- **Task directions**
For the records below, copy exactly the span that begins at the line containing "Red Pitaya 125-14." and stops after the line containing "ubx-248 hydraulic high", minus any pictures.
====== Material for this exercise ======
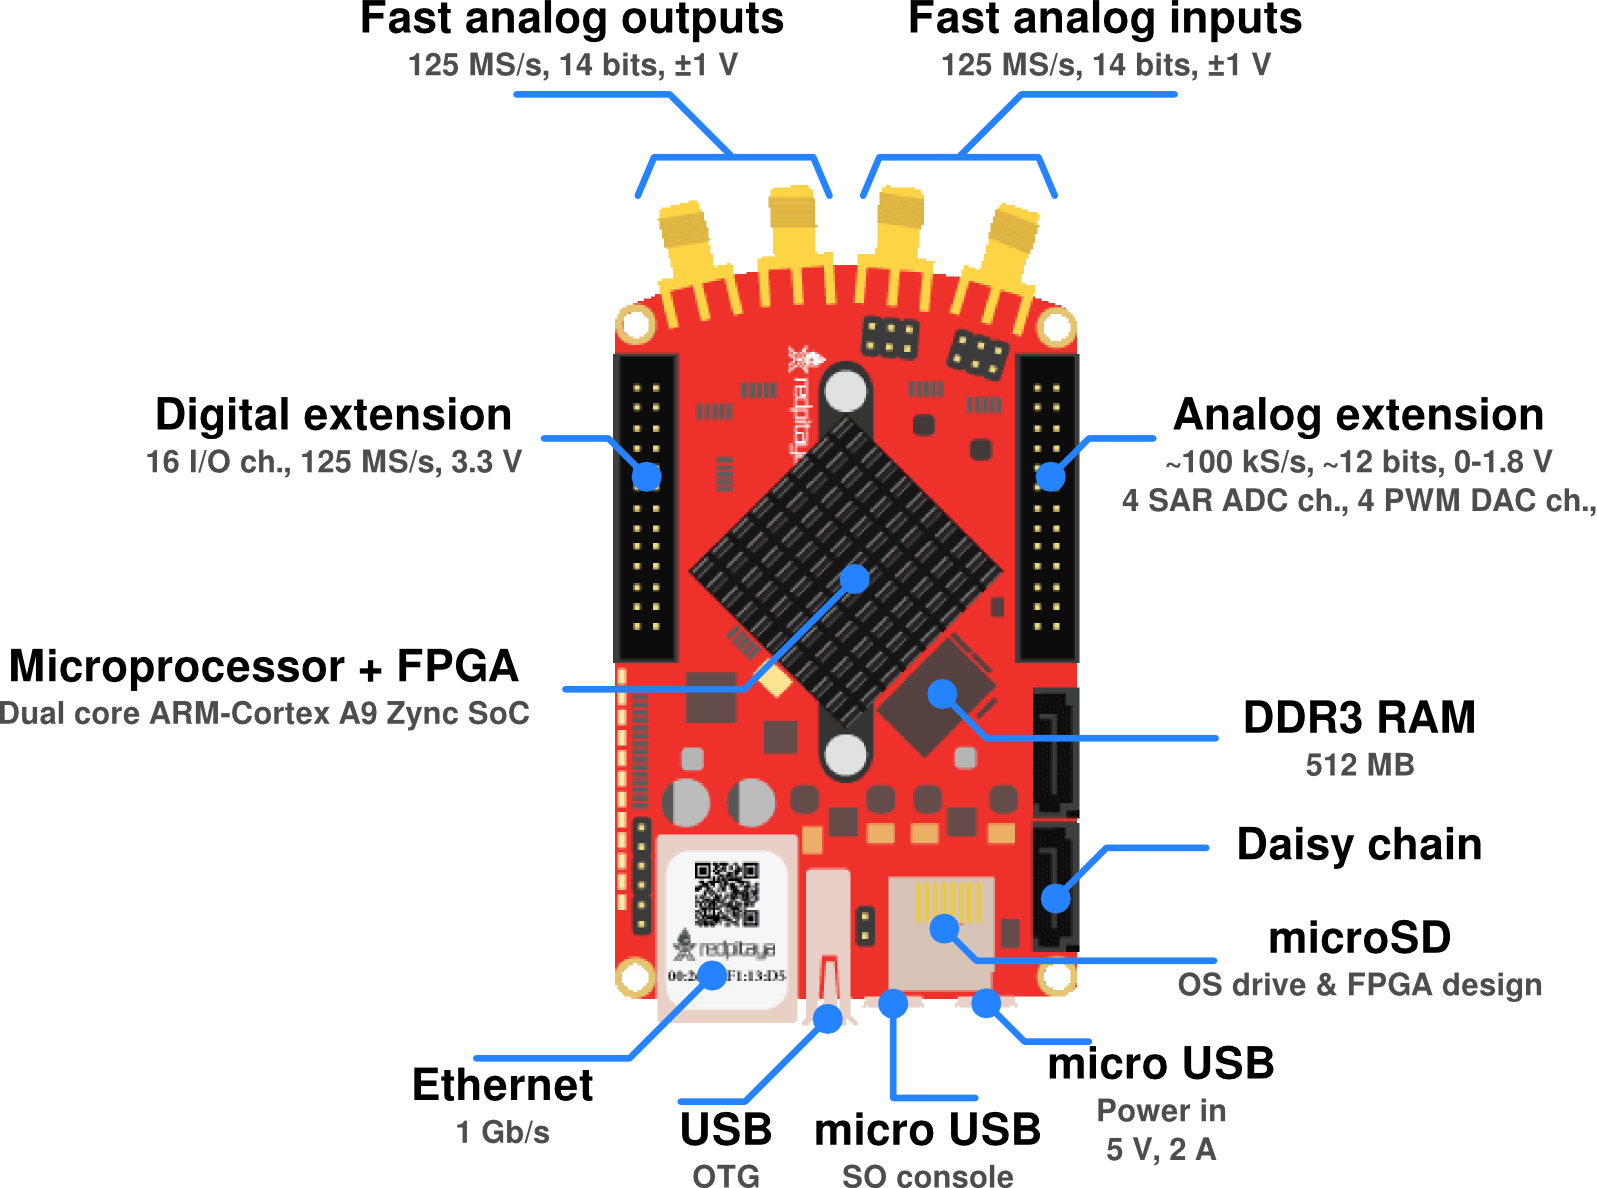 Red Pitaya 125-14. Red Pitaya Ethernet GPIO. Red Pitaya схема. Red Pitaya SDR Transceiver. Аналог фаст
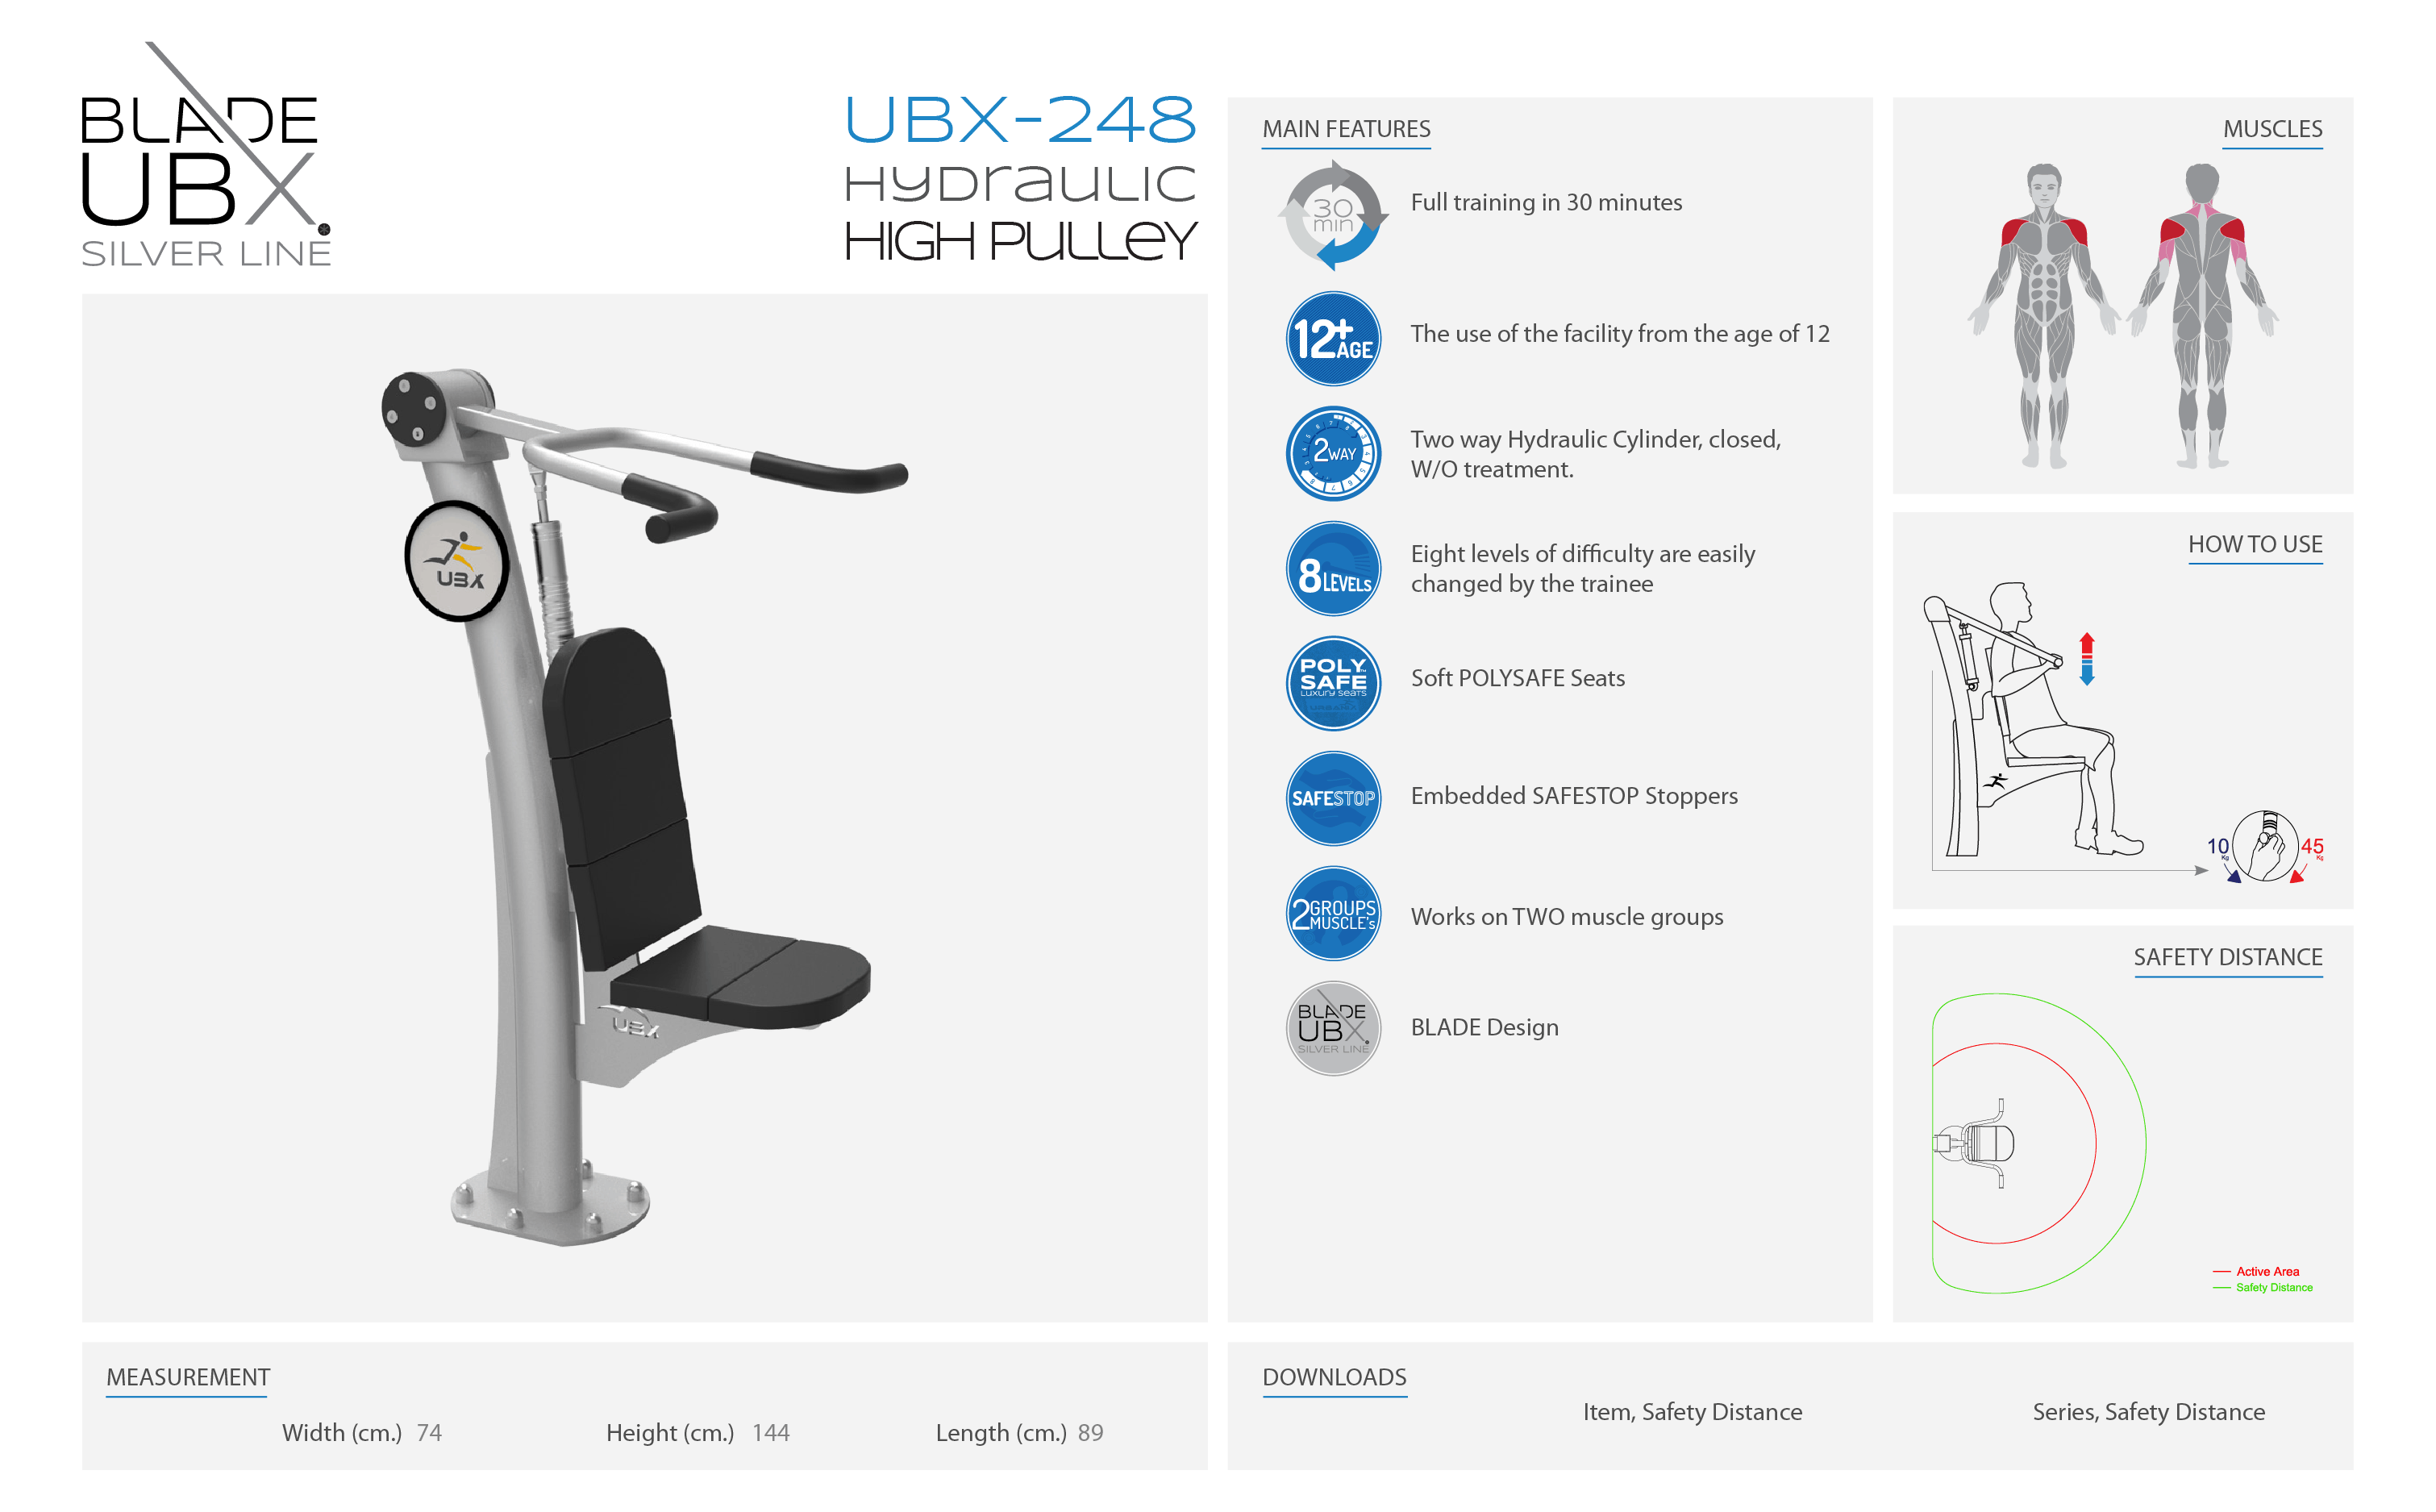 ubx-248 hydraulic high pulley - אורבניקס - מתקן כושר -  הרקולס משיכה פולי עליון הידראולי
======
====== Material for this exercise ======
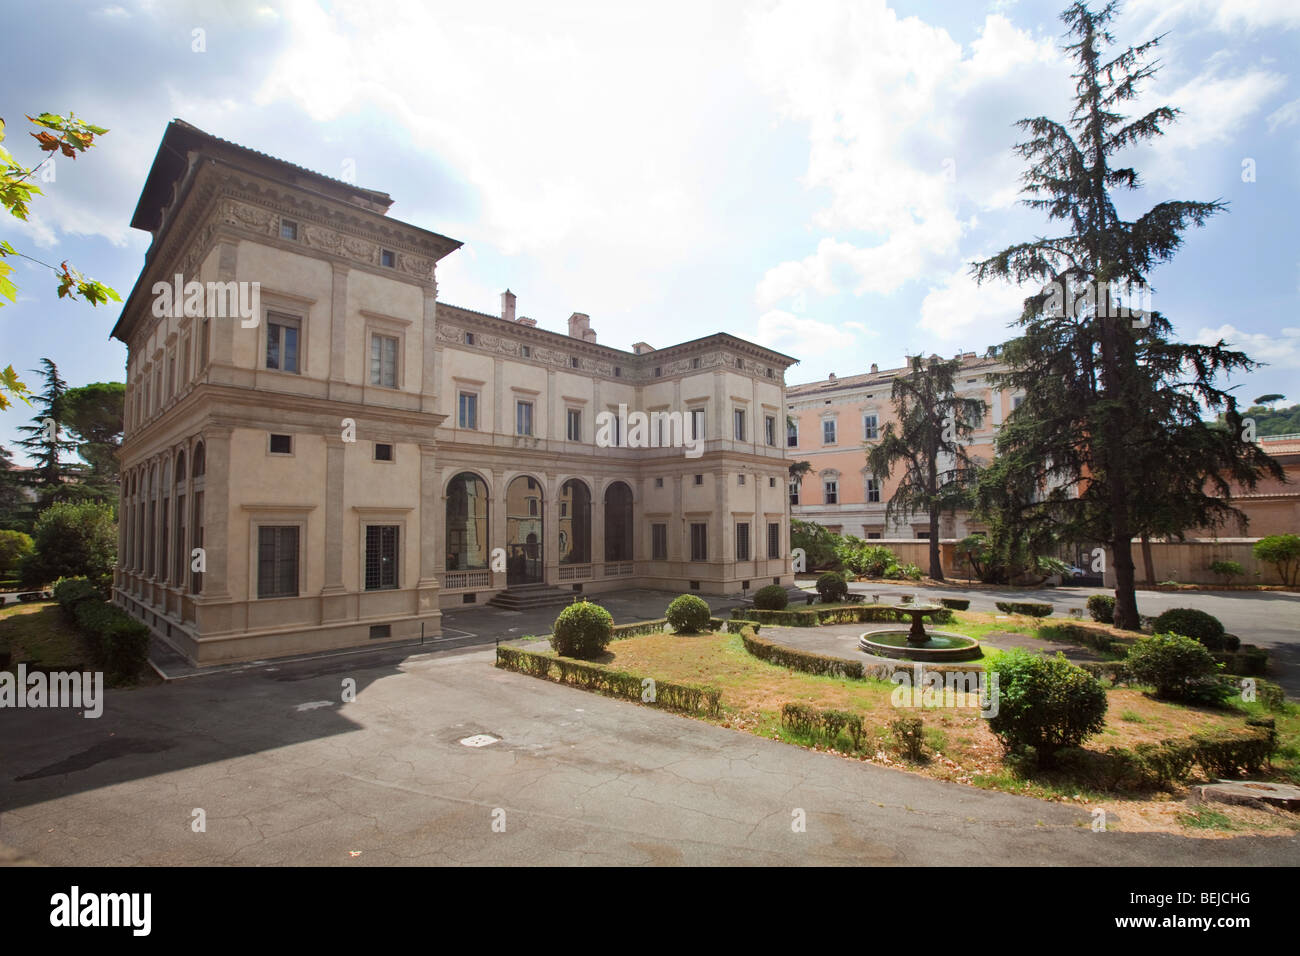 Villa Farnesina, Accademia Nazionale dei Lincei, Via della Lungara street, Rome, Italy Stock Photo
======
- **Answer box**
 Red Pitaya 125-14. Red Pitaya Ethernet GPIO. Red Pitaya схема. Red Pitaya SDR Transceiver. Аналог фаст
 ubx-248 hydraulic high pulley - אורבניקס - מתקן כושר -  הרקולס משיכה פולי עליון הידראולי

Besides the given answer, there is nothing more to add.